Теперь Джордж возвращается в сад палаццо и усаживается верхом на скамью. Что-то ей показалось странным в тех школьниках, и только сейчас она поняла, что именно. Ни у одного из них нет телефона, никто не смотрит на экран. Все они говорят между собой. А некоторые уже даже с Генри, по крайней мере, пытаются. Генри что-то им описывает, чертит руками крути в воздухе. Дети, с которыми он говорит, тоже размахивают руками.

Джордж смотрит на мать. Мать — на Джордж. Сверху падает желто-белый цветок, задевает нос матери, сползает по волосам и останавливается у скулы.
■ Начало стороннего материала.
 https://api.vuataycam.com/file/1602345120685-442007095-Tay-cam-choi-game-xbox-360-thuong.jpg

Мать смеется. Джордж тоже хочется рассмеяться, хотя на ее лице все еще гримаса вины / злости. Один уголок ее рта приподнимается. Другой остается опущенным.
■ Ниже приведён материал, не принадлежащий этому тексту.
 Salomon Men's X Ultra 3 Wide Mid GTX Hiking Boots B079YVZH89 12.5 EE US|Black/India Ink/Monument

Город, в котором они находятся, — он и светлый, и угрюмый одновременно. Тут есть старинные стены, есть большой мрачный замок, который Джордж, если б речь шла о школьном сочинении, описала бы словами «неприступный» и «грозный». В этом и заключается смысл всяких там бойниц. Вдобавок извилистые тесные улочки, окруженные высокими старыми зданиями, выглядят так, будто на них разворачиваются ночные кошмары, в них непременно потеряешься. Здесь все моментально меняется, от света к тьме, от тьмы к свету, и хоть город весь из камня, но одновременно он — ярко-зеленый, красный и желтый; все стены и дома золотятся на солнце. Стены высокие и глухие, но из-за них доносятся такие звуки, будто там прячется сад. Есть здесь и длинные прямые улицы, обсаженные чудесными деревьями, будто это вовсе не город стен, а город деревьев. Собственно, из всех щелей, на всех постройках и оградах, даже на кровлях растут какие-то деревца, травы и кусты.
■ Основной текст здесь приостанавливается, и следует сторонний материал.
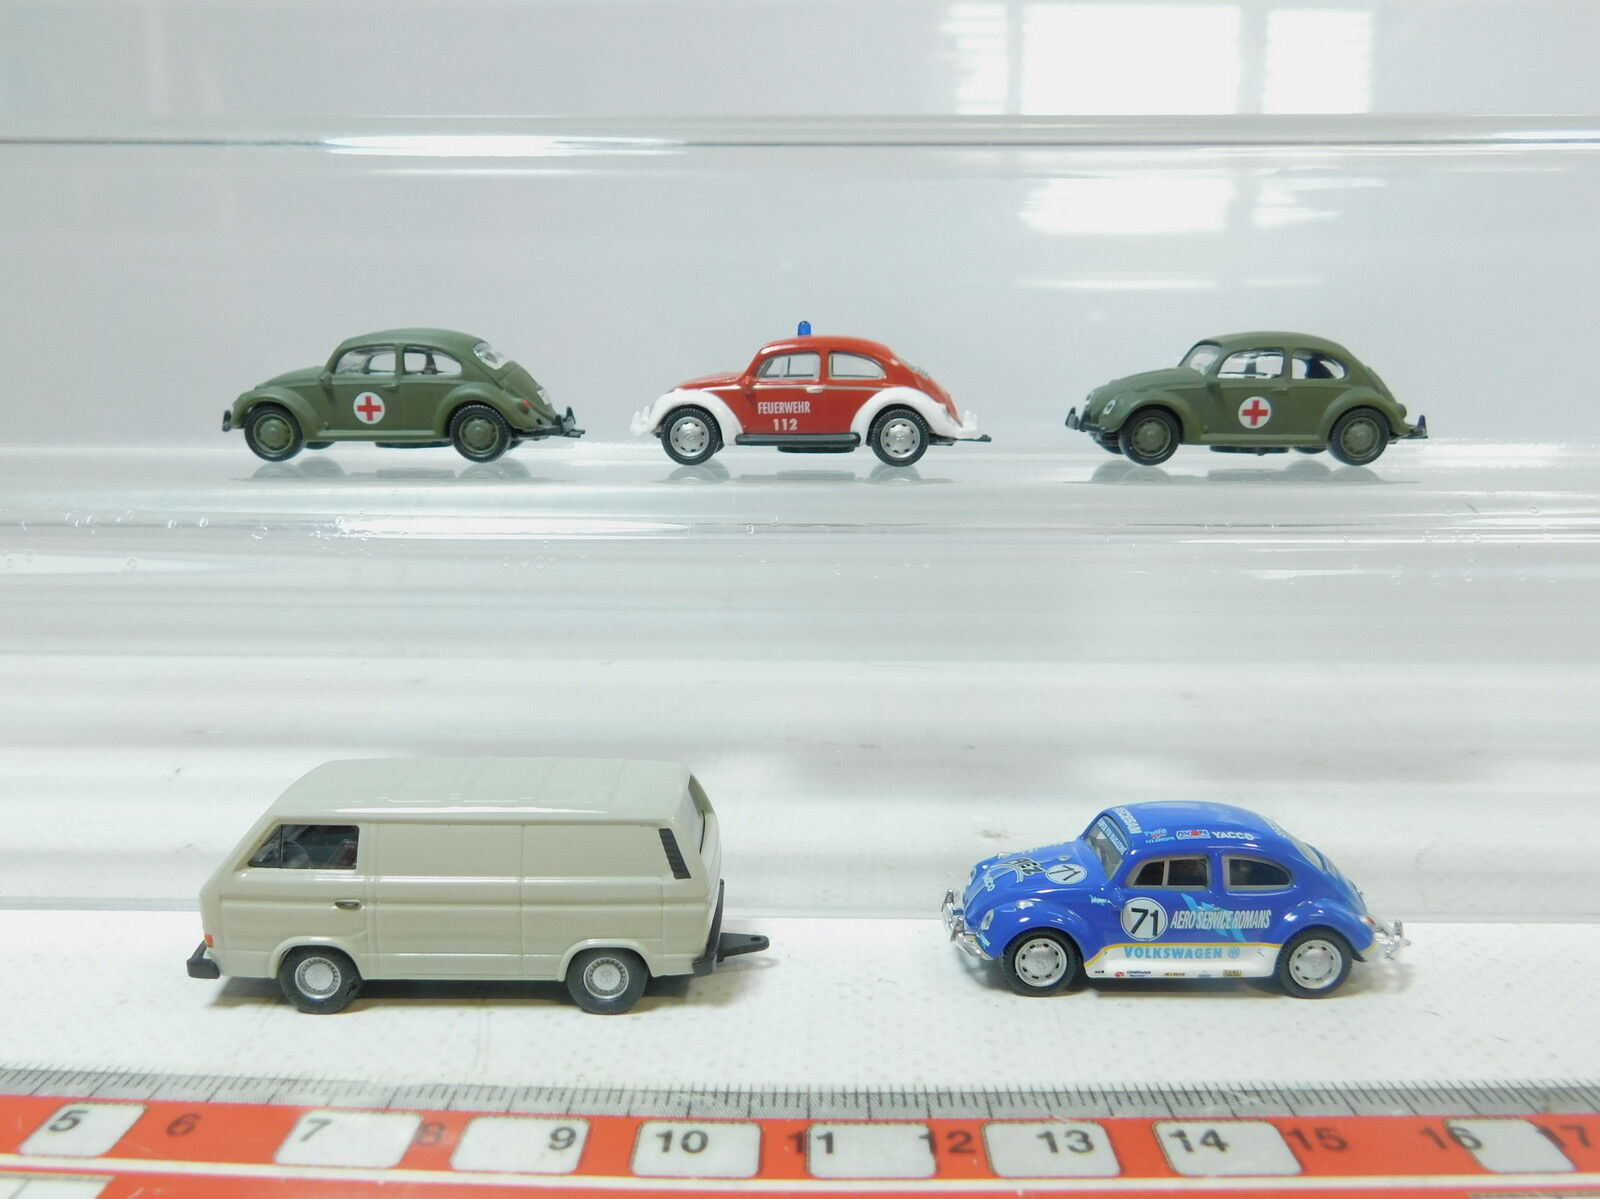 AZ433-0,5 AZ433-0,5 AZ433-0,5  5x Schuco H0 (1 87) VW  Feuerwehr FW+Aero Serviceromans+DRG, s.g.  | Outlet Online Store  28829d

Пахнет жасмином, опять жасмином, потом откуда-то потянет канализацией, потом снова жасмином.

Здесь очень, очень здорово, сказала мать вчера вечером, когда они уже собирались укладываться. Даже сама не пойму, почему именно.

Она посмотрела на карту, расстеленную на кровати.

Судя по этой карте, нам тут больше нечего делать — только набираться впечатлений от пребывания здесь, сказала она.

Они пробродили, едва не заблудившись, целый день, хотя с ними была карта из гостиницы. То, что на карте было совсем рядом, в действительности оказывалось далеко, а в тех местах, к которым пролегал довольно длинный маршрут, они, наоборот, оказывались почти моментально.

Если бы мать просто заглядывала в «Google Maps» или «Streetview», они бы гораздо точнее и резвее добирались туда, куда собирались. Но мать не желает ничего искать в интернете, почему-то даже включать телефон не хочет.

Резвее? Хорошее слово, Джордж, уместное, говорит мать.

Только резвости нам не надо. Давай для разнообразия ходить без спешки, куда ноги принесут. Это — первый современный город Европы, говорит мать, когда они возвращаются из палаццо в гостиницу. По планировке, по расположению оборонительных стен. Хоть вы оба и привыкли к историческим городам, поскольку выросли там, где выросли. Вы все это видели каждый день. Может, для вас это все — довольно обычная вещь. Однако дворец, который мы только что видели, с его фресками, даже древнее, чем городские стены. Он стоял уже в те времена, когда никаких стен не было. Вот такой он старый. Просто удивительно, что до сих пор существует что-то настолько древнее.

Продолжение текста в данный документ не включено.